Stories have been rolling out of Texas since the film portion of the South By Southwest  festival kicked off on March 13 and will continue to do so for weeks after the music portion's end on March 22. New bands, old bands, new-old bands -- so much happens down in Austin this time of year, the sheer volume of stories becomes a blur.

Except this one.

Glenn Peoples reports in Billboard that the U.S. State Department arranged and funded a SXSW showcase for Pakistani musicians. Peoples quotes Jennifer McAndrew -- an Austin native who was working at the U.S. embassy in Pakistan:

"I was in Islamabad, meeting all these artists and seeing how they really struggled to find places to perform, struggled to produce music when there's very few intellectual property rights protections there. So we wanted to help them make this connection."

As hard as this is to admit, I'd never considered the possibility that Pakistan has a music scene. My perception of Pakistan is comprised of turbulent headlines and heated political rhetoric, a barren desert filled with angry, screaming people. That's the problem with letting headlines shape one's worldview.

The article led me to the band Khumariyaan, which led to this amazing clip:

In just a little less than five minutes, the world got a little smaller and mine got a little bigger. That's the power of music.

Of all the popular arts, music lends itself best to cultural exchange. Books and movies must be translated in order to leap cultural barriers, and painting and dance fall more into the fine art category. Music more than any other media personifies Marshall McLuhan's famous adage that "the medium is the message."

Take the great Françoise Hardy, for example. My French is limited to the minimum required by my university, but I can listen to Hardy all day (and I do). Given that she never recorded a song entitled "Où Est la Bibliotheque," I shouldn't be able to understand one of her songs, yet I get them all because the music carries the meaning.

I may not have the same degree of cultural epiphany listening to French pop as I do enjoying Khumariyaan, but I still learn a little something. I view the world through an American lens, which leads to a tendency to think of our pop culture is global pop culture -- that everyone everywhere listens to what we do. Taking my ears to France for a little bit is a nice reminder that it's not all about us.

We do think that, though. It's all about us to such a degree that once we've incorporated artists into our musical culture they are ours, regardless of their national heritage. Bob Marley isn't Jamaican so much as he is the nation of Bob Marley, for example. The Beatles and the Rolling Stones may have started as British invasion bands, but they're as woven into our cultural fabric as any homegrown artists.

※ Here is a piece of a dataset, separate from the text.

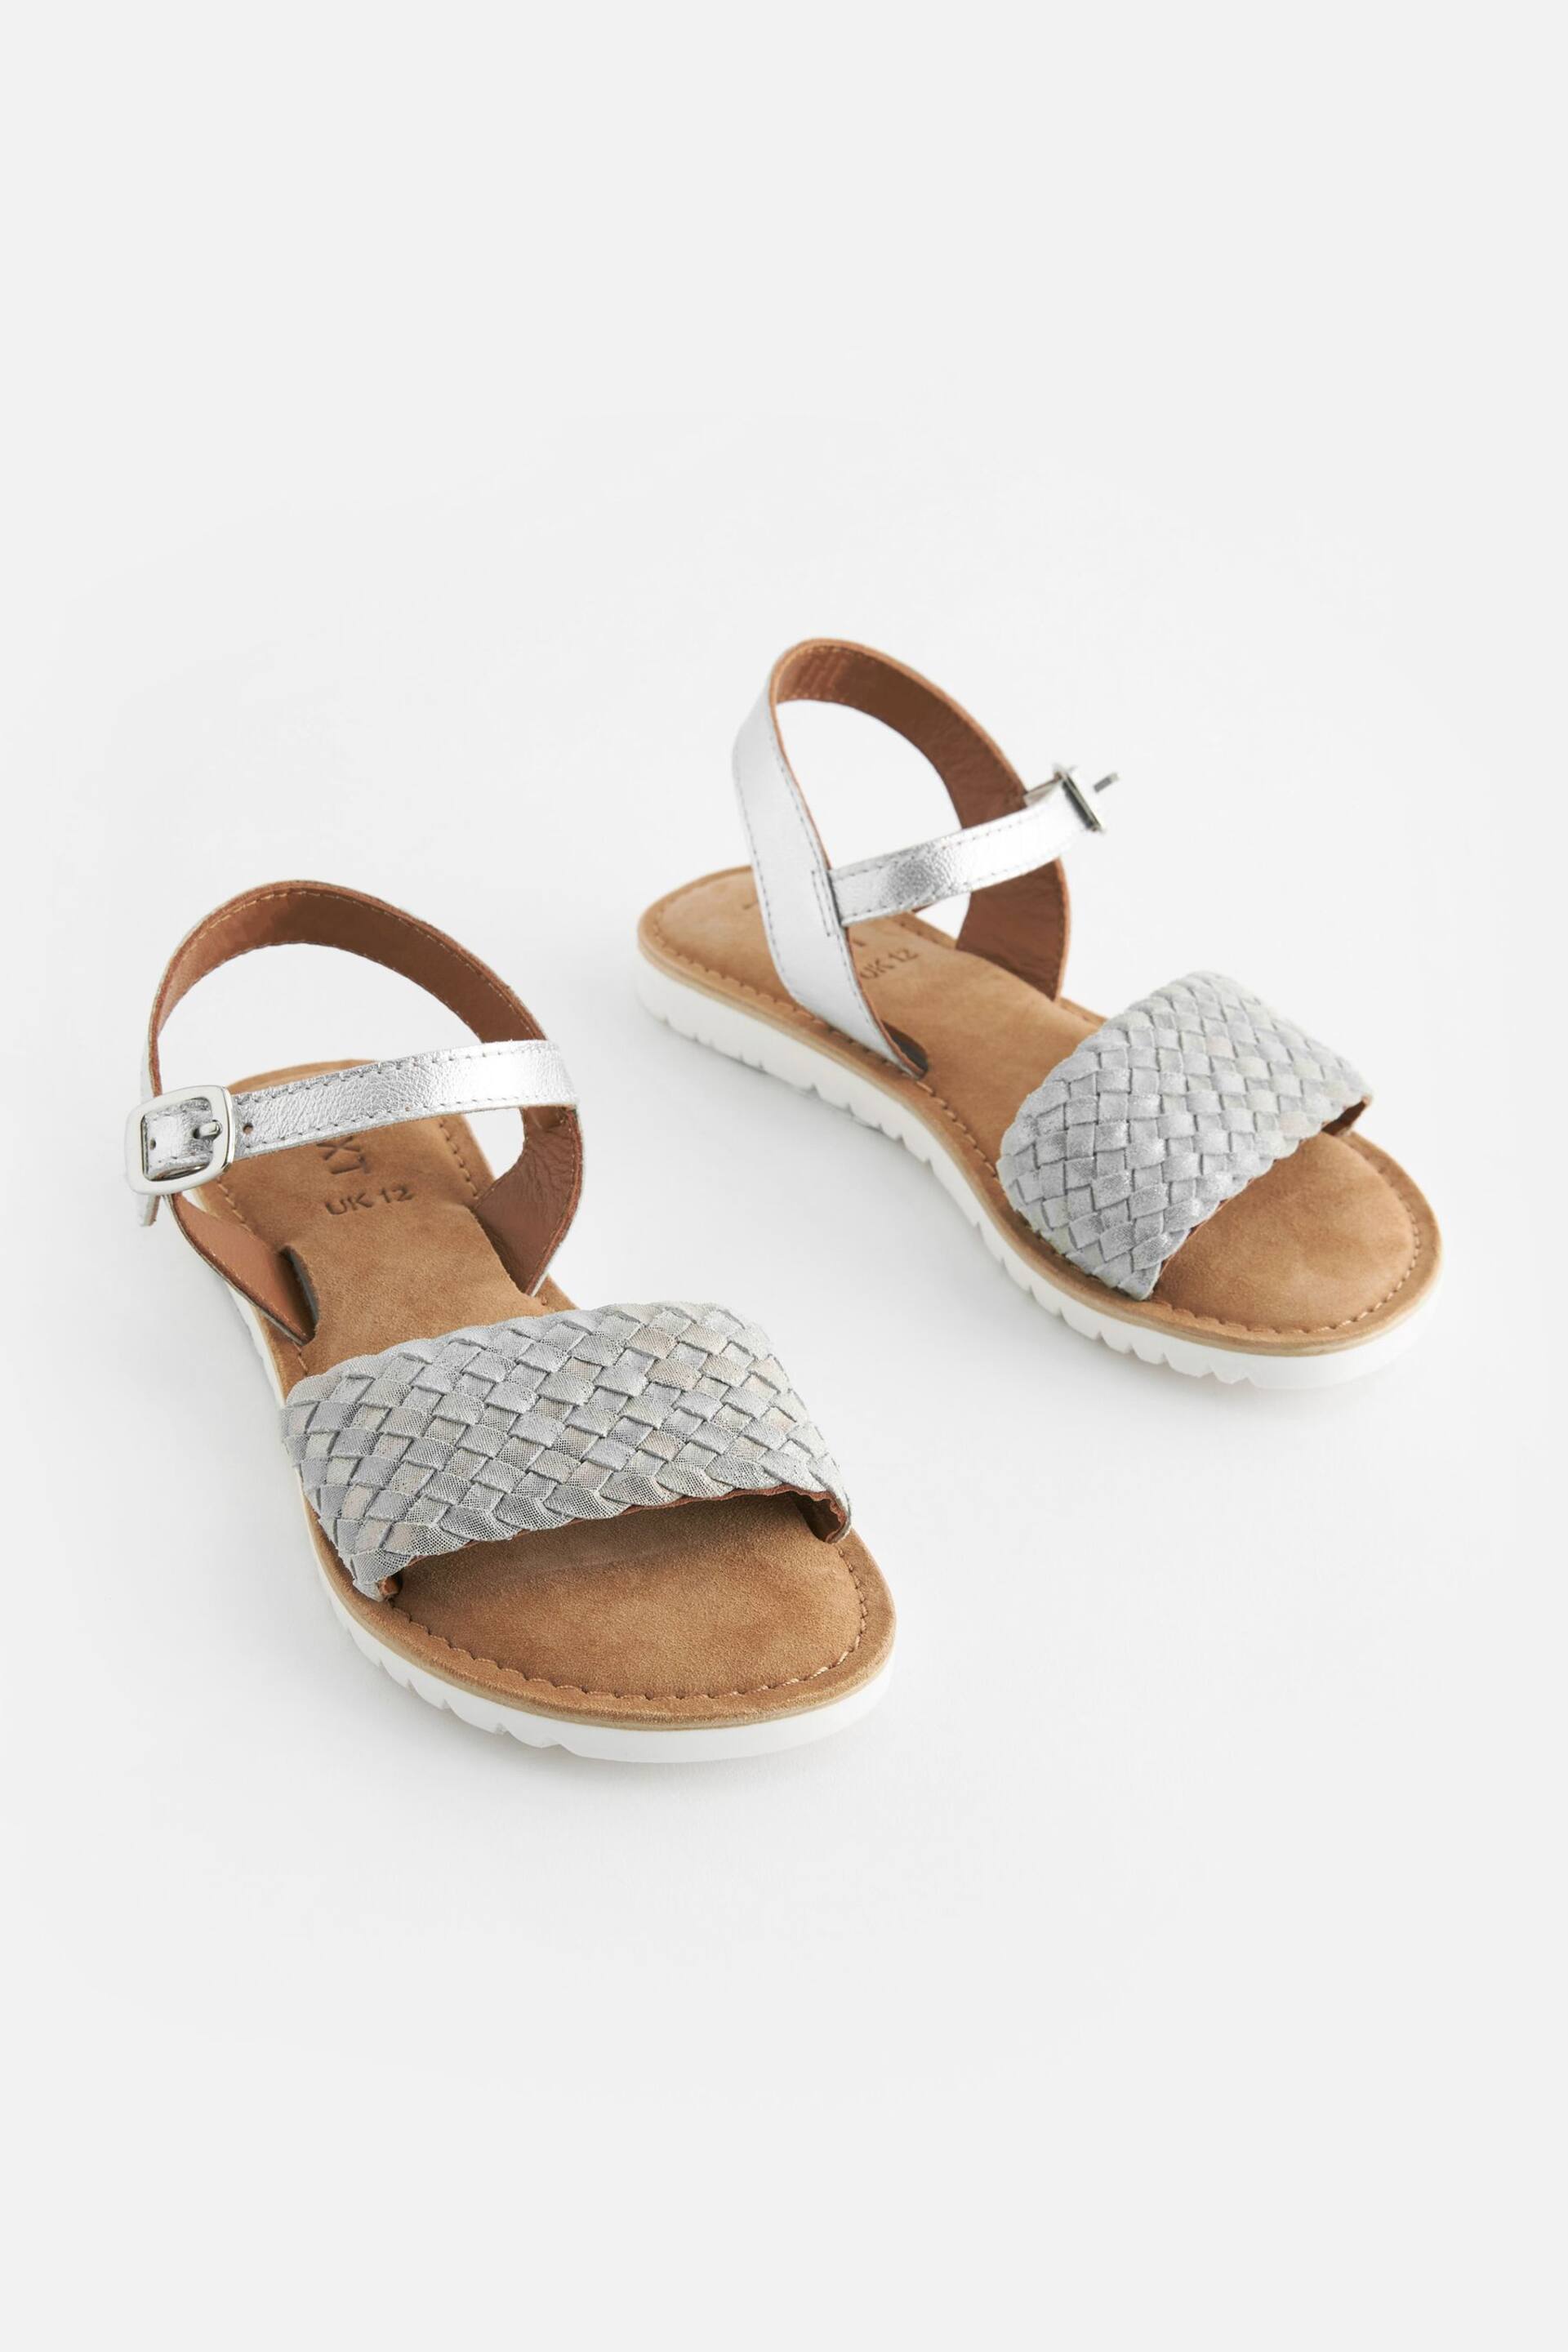 Silver Leather Woven Sandals - Image 2 of 6

Sometimes we accept the curious cargo of musicians from other countries more readily than we accept the artists themselves. Led Zeppelin brought a lot of Moroccan influence into rock and roll, but I can't name a single Moroccan band. The sitar was ubiquitous during the first wave of psychedelia, but few Americans can name an Indian musician other than Ravi Shankar. So it is with the early German adopters of electronic keyboards. Bands like Can, Neu! and Tangerine Dream blazed a musical trail that we'd eventually embrace as synthpop, but those names are know mostly to fans of  krautrock. Even Kraftwerk, the most influential band in the genre, doesn't enjoy popularity in this country proportional to their massive influence.

If reducing Pakistan to a few bleak headlines is a risk, equally dangerous is the temptation to paint an entire country with the broad brush of the one musical style we know. For years, all of Sweden looked and sounded like ABBA, now the pendulum has swung toward death metal. I certainly hope the rest of the world doesn't think all Americans are Miley Cyrus, but they might.

After all, music has been an essential American export for decades, its tropes adopted in countries with which we share little or no cultural commonality. The Nippon Girls compilations provide a record of what our '60s pop and R&B sounded like to Japanese musicians. Akiko Wada's "Boy & Girl" is a great example.

As risky as it is to think we know Sweden because we can sing along with "Dancing Queen," equally risky when exploring music of other cultures is taking a kind of noble savage attitude. Sometimes we approach music from around the globe as if we are cultural anthropologists documenting the curious sounds of the funny foreigners. Though well-intentioned, much of the world music genre that popped up in the '80s had that sensibility, like we were wandering through some musical zoo, admiring the wildlife.

Music expands my boundaries, but just like newspaper headlines I need to be careful what conclusions I reach. Nick Cave doesn't speak for all of Australia, nor does all of New Zealand fit neatly into a Flight of the Conchords song. Germany is neither Scorpions nor krautrock, and Ireland is much more diverse than U2's catalog. France may not be Françoise, but that won't stop me from listening to her obsessively. So Khumariyaan probably isn't any more representative of the average Pakistani than Miley is of the average American, but thanks to their music, I have a view into their country that I'd never get from the news. If that doesn't demonstrate why music matters, I don't know what does.